The authors are glad to hear that the reviewer found this literature review timely, relevant, and interesting. We did not conduct a systematic review as the goal was not to answer a specific and focused clinical question, but rather to provide a broad overview (i.e., literature review) of drug design targeting the mAChRs in AD, SZ, and depression. 

3) I agree with the Authors when they in page 11 line 450 wrote that "However, it should be noted that the dopamine hypothesis of schizophrenia alone cannot account for the wide range of positive, negative, and cognitive symptoms experienced by patients...". There are intriguing hypotheses concerning the role of postsynaptic density and its relationships with the glutamatergic system in schizophrenia. Please add a brief comment on this point with appropriate references (see dois: 10.3390/ijms18010135 and 10.2174/1568026621666210701103147). 

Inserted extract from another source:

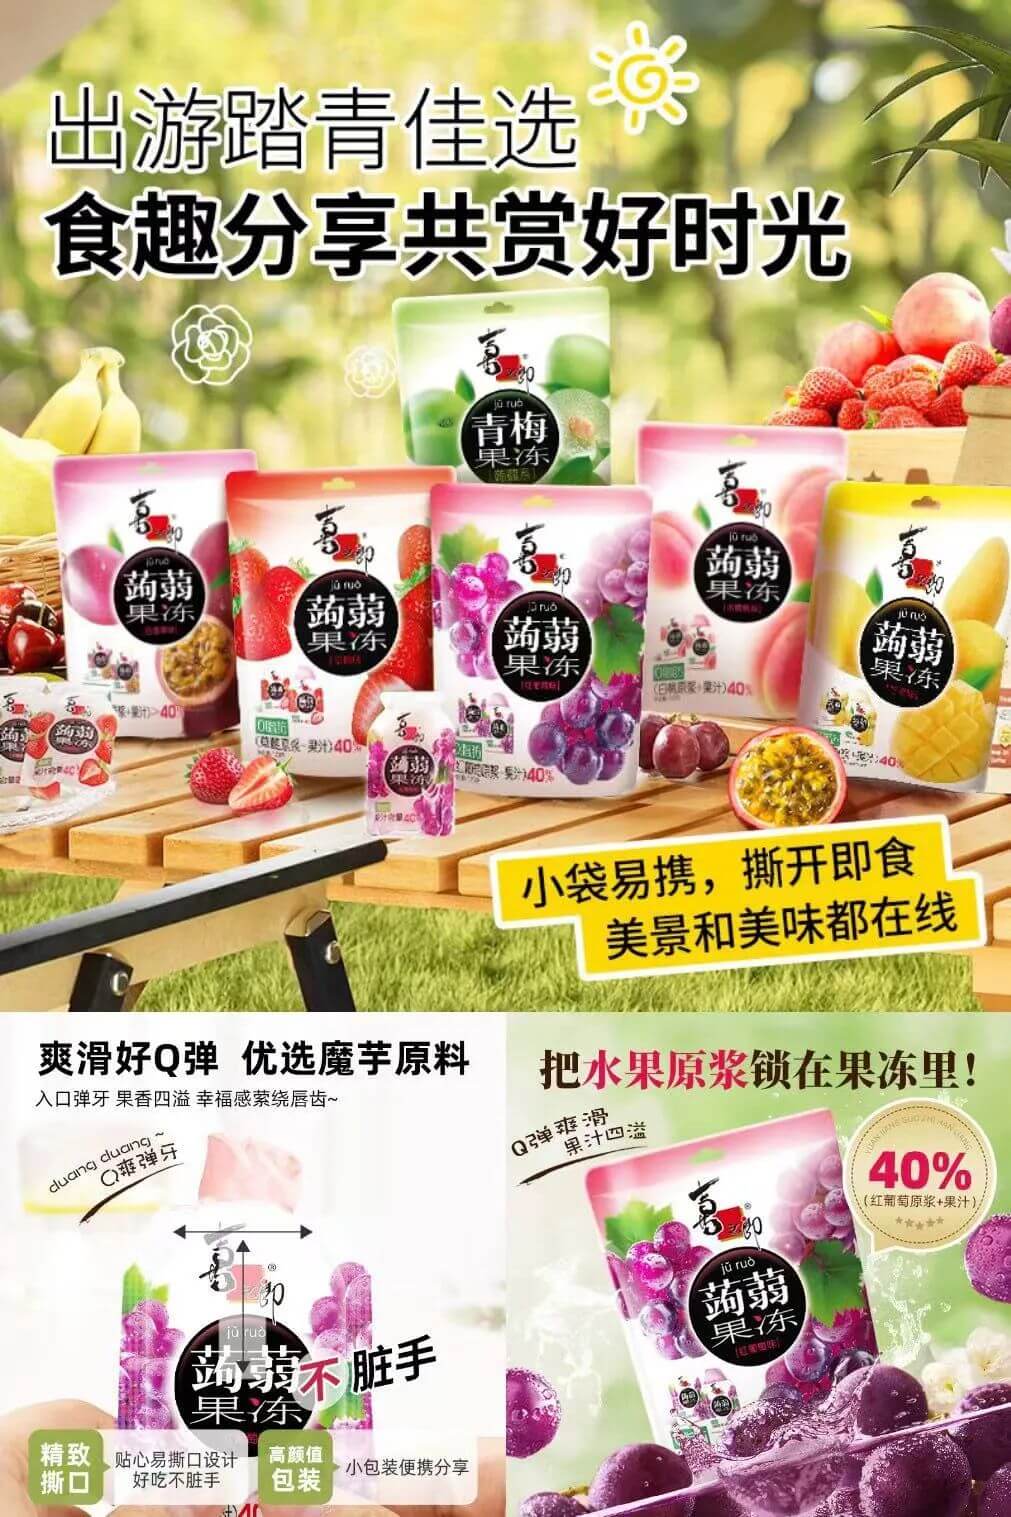  665361aecce76 - [1.9 yuan] Infinite Snack+Okamoto+Shaqima+Jelly+Tencent vip+Sunscreen Spray+Antiperspirant

The authors appreciate the reviewer’s comments on the topic of PSD and its relationship to glutamatergic signaling. We have added several sentences directly under (lines 530-531) to further describe this post-synaptic cluster of proteins located at excitatory glutamatergic post-synapses with appropriate citations. Also, the following sentence (next paragraph) further acknowledges the involvement of the glutamatergic pathway in SZ when it refers to the “psychotomimetic effects of NMDA/mAChR antagonists….”. While only a brief summary, a similar point is mentioned in 10.2174/1568026621666210701103147 specifically referring to PCP and ketamine.